For the hope (διὰ τὴν ἐλπίδα)

The A.V. connects with we give thanks (Col 1:3). But the two are too far apart, and Paul's introductory thanksgiving is habitually grounded on the spiritual condition of his readers, not on something objective. See Rom 1:8; 1Co 1:4; Eph 1:15. Better connect with what immediately precedes, love which ye have, and render as Rev., because of the hope, etc. Faith works by love, and the ground of their love is found in the hope set before them. Compare Rom 8:24. The motive is subordinate, but legitimate. “The hope laid up in heaven is not the deepest reason or motive for faith and love, but both are made more vivid when it is strong. It is not the light at which their lamps are lit, but it is the odorous oil which feeds their flame” (Maclaren). Hope. See on 1Pe 1:3. In the New Testament the word signifies both the sentiment of hope and the thing hoped for. Here the latter. Compare Tit 2:13; Gal 5:5; Heb 6:18; also Rom 8:24, where both meanings appear. Lightfoot observes that the sense oscillates between the subjective feeling and the objective realization. The combination of faith, hope, and love is a favorite one with Paul. See 1Th 1:3; 1Co 13:13; Rom 5:1-5; Rom 12:6-12.

Laid up (ἀποκειμένην)

Lit., laid away, as the pound in the napkin, Luk 19:20. With the derivative sense of reserved or awaiting, as the crown, 2Ti 4:8. In Heb 9:27, it is rendered appointed (unto men to die), where, however, the sense is the same: death awaits men as something laid up. Rev., in margin, laid up for. Compare treasure in heaven, Mat 6:20; Mat 19:21; Luk 12:34. “Deposited, reserved, put by in store out of the reach of all enemies and sorrows” (Bishop Wilson).

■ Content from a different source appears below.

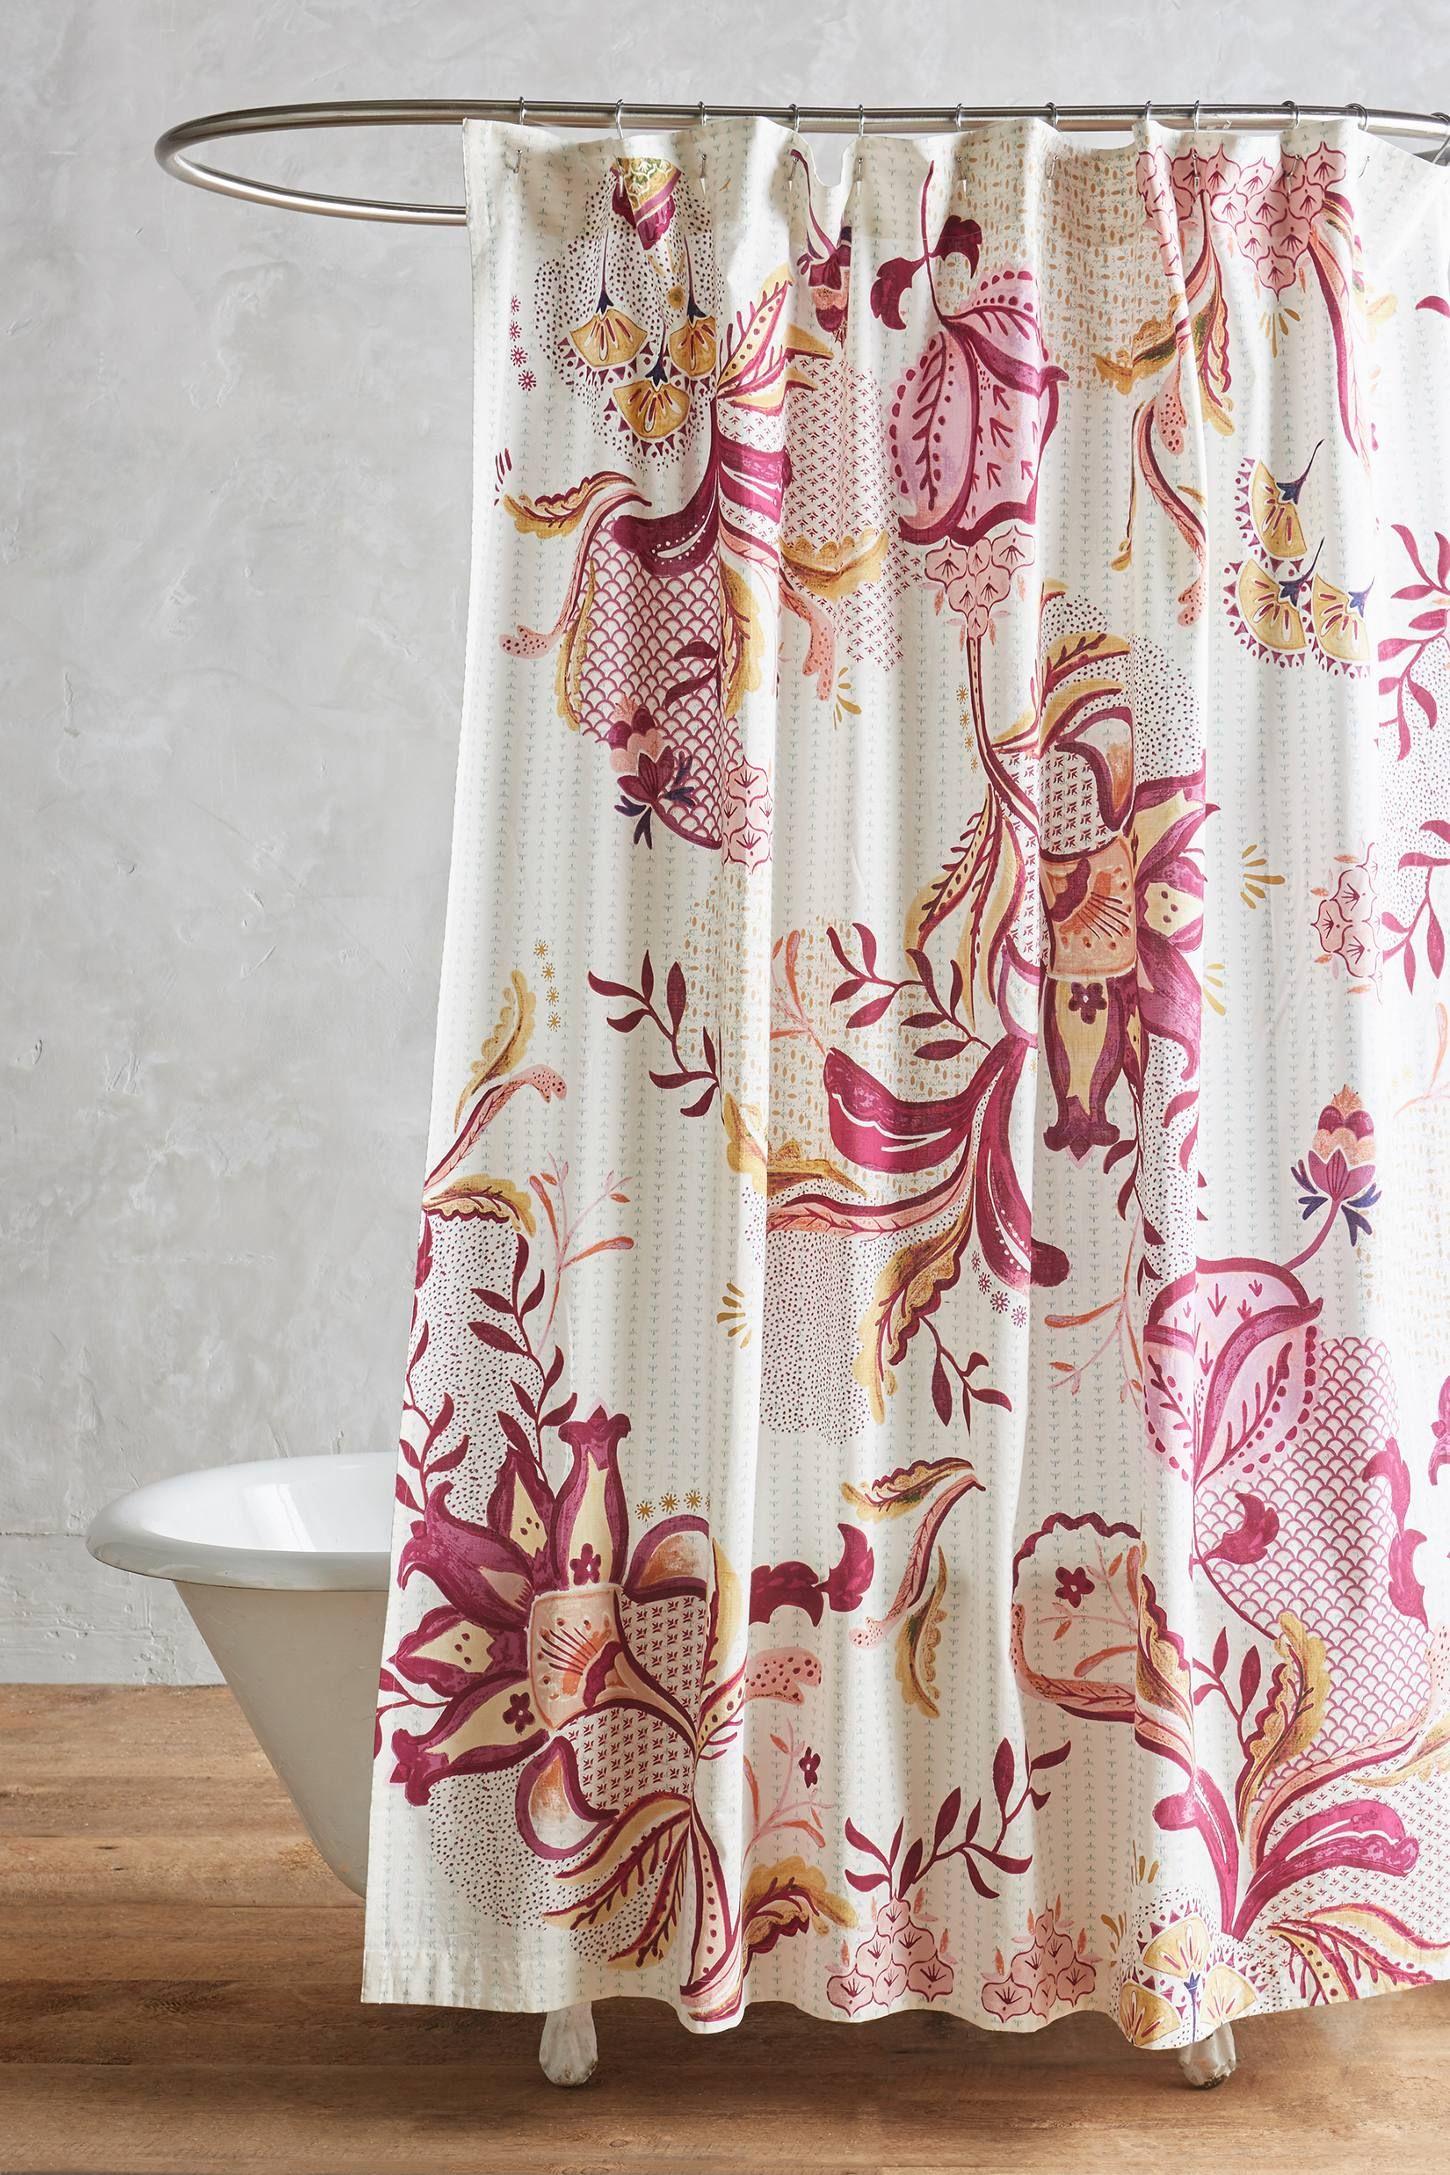 Shower curtain liner apartment ideas bathroom accessories and condos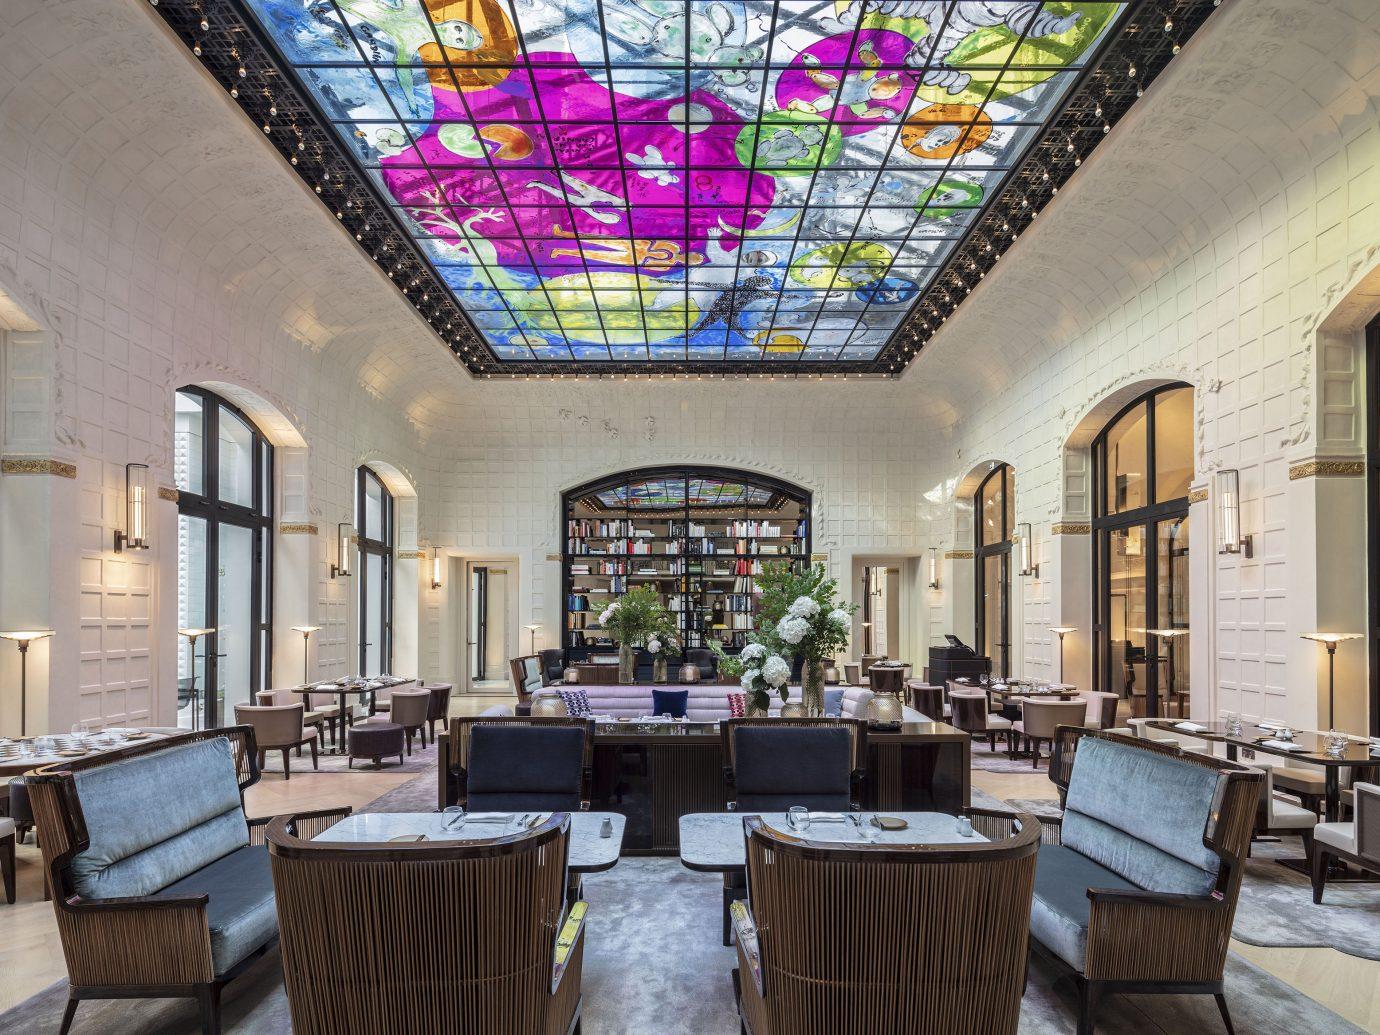 Saint Germain restaurant at Hotel Lutetia

Ye heard before (προηκούσατε)

Only here in the New Testament, not in Septuagint, and not frequent in classical Greek. It is variously explained as denoting either an undefined period in the past, or as contrasting the earlier Christian teaching with the later heresies, or as related to Paul's letter (before I wrote), or as related to the fulfillment of the hope (ye have had the hope pre-announced). It occurs several times in Herodotus in this last sense, as ii. 5, of one who has heard of Egypt without seeing it: v., 86, of the Aeginetans who had learned beforehand what the Athenians intended. Compare viii. 79; vi. 16. Xenophon uses it of a horse, which signifies by pricking up its ears what it hears beforehand. In the sense of mere priority of time without the idea of anticipation, Plato: “Hear me once more, though you have heard me say the same before” (“Laws,” vii., 797). I incline to the more general reference, ye heard in the past. The sense of hearing before the fulfillment of the hope would seem rather to require the perfect tense, since the hope still remained unfulfilled.

The word of the truth of the Gospel

The truth is the contents of the word, and the Gospel defines the character of the truth.